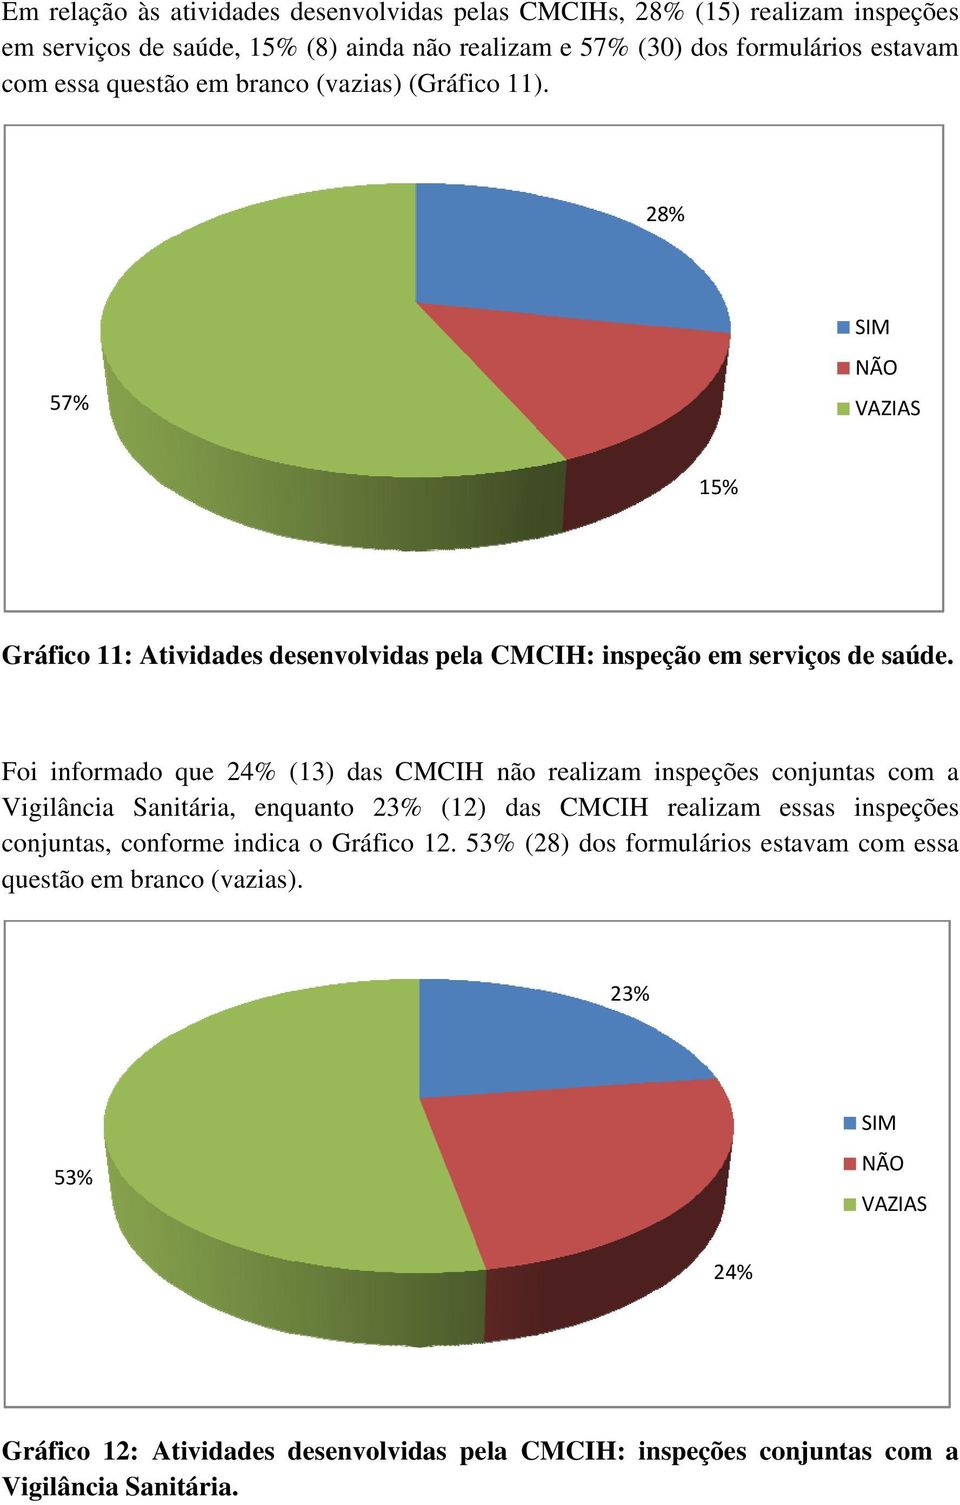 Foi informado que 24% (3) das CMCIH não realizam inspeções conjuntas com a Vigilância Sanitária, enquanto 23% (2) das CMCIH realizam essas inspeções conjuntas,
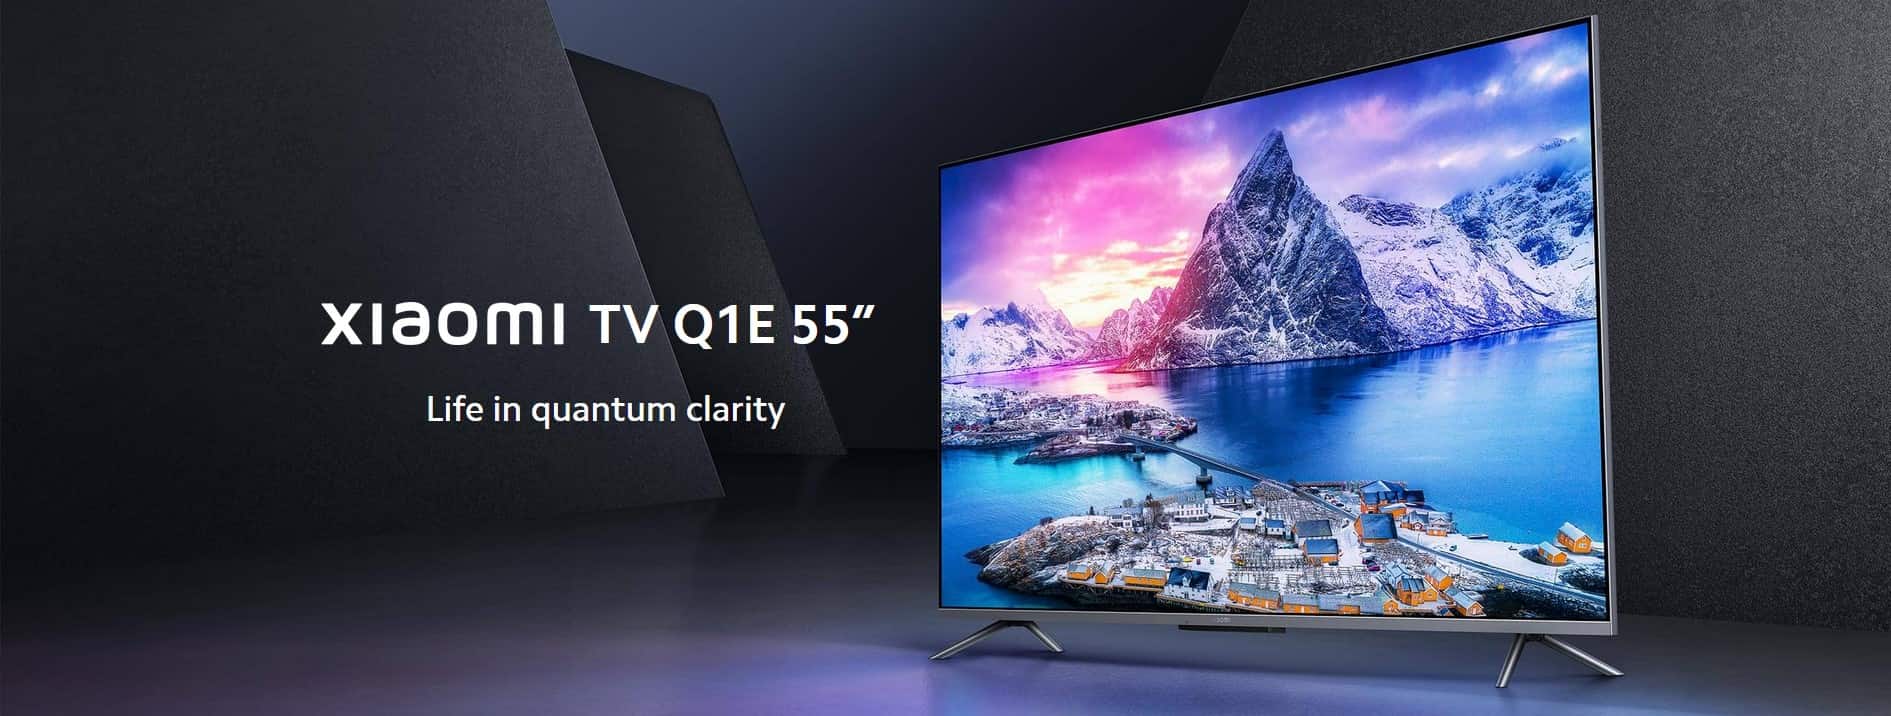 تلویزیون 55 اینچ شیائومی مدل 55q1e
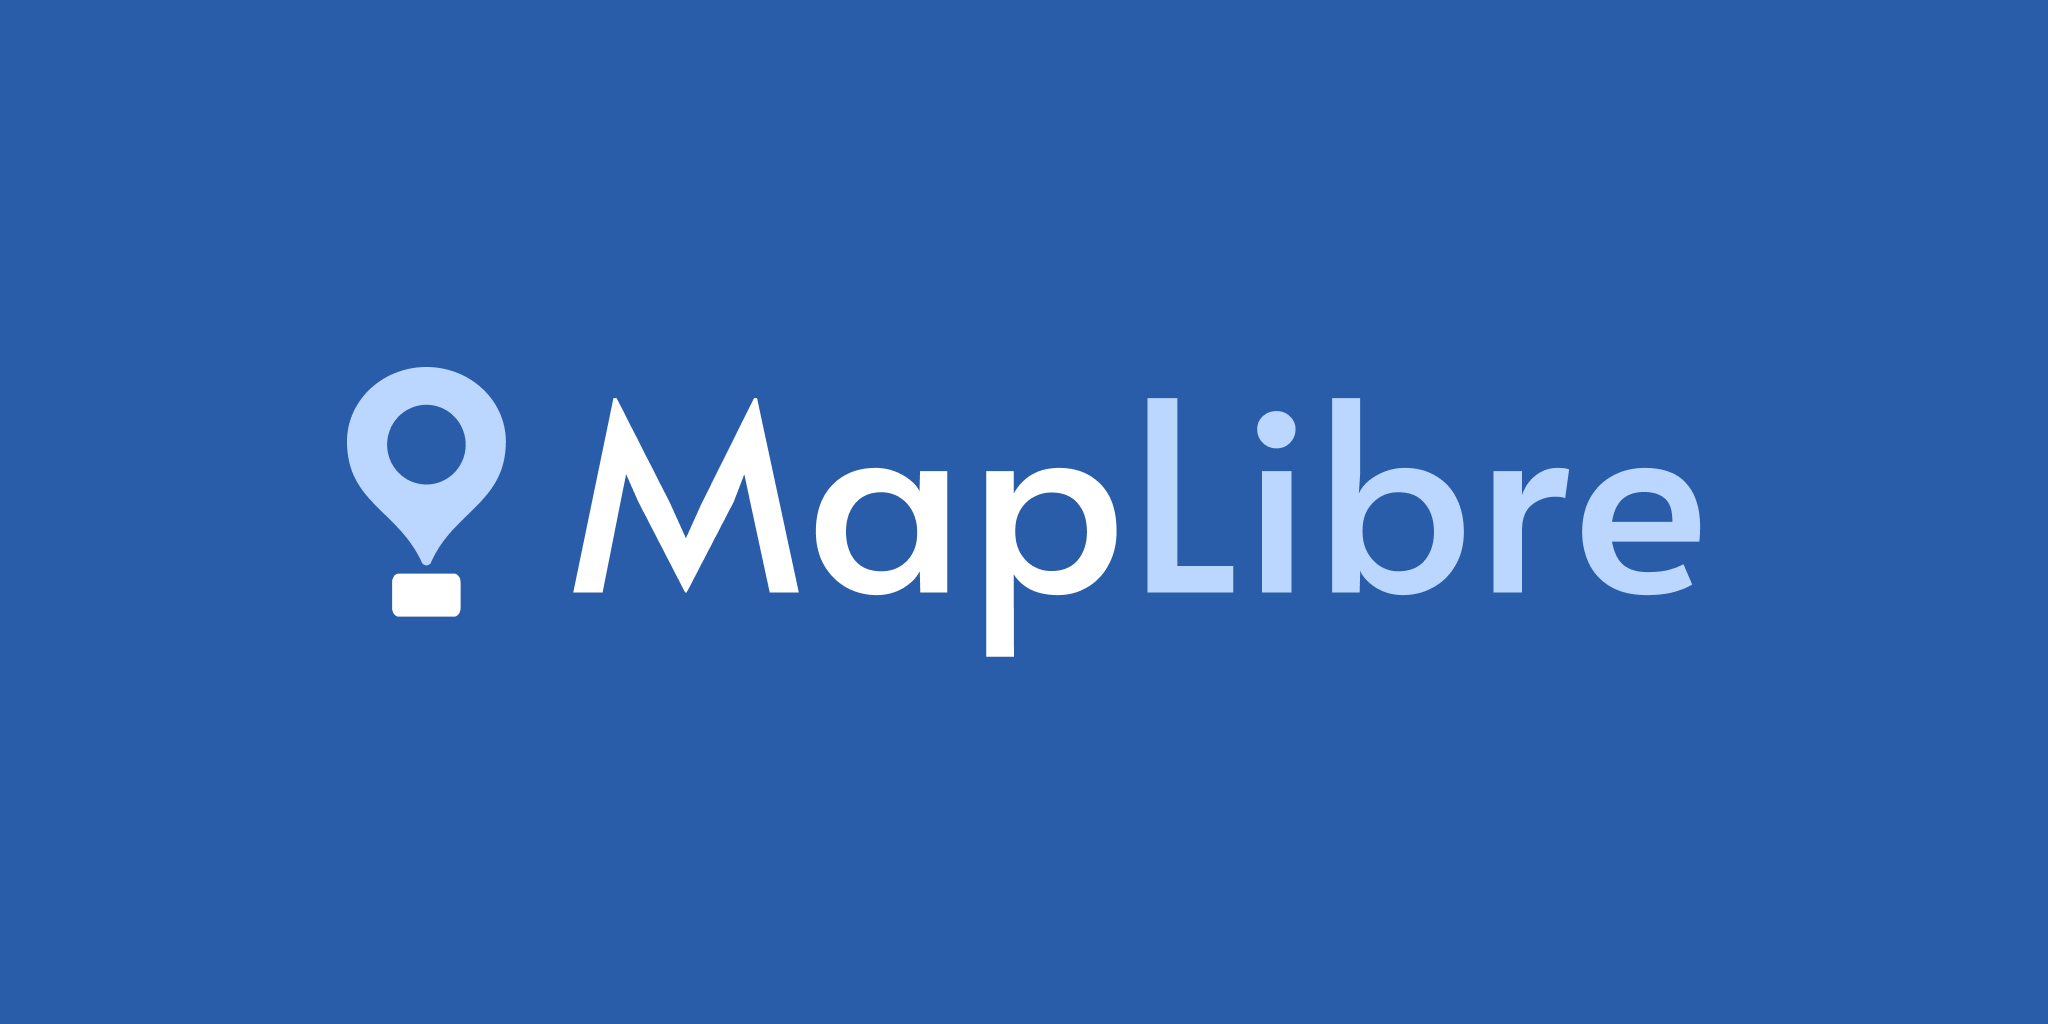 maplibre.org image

Goal of the exercise -
Everything in the material except the pictures should be output verbatim.

Written response -
 Foi informado que 24% (3) das CMCIH não realizam inspeções conjuntas com a Vigilância Sanitária, enquanto 23% (2) das CMCIH realizam essas inspeções conjuntas,
 تلویزیون 55 اینچ شیائومی مدل 55q1e
 maplibre.org image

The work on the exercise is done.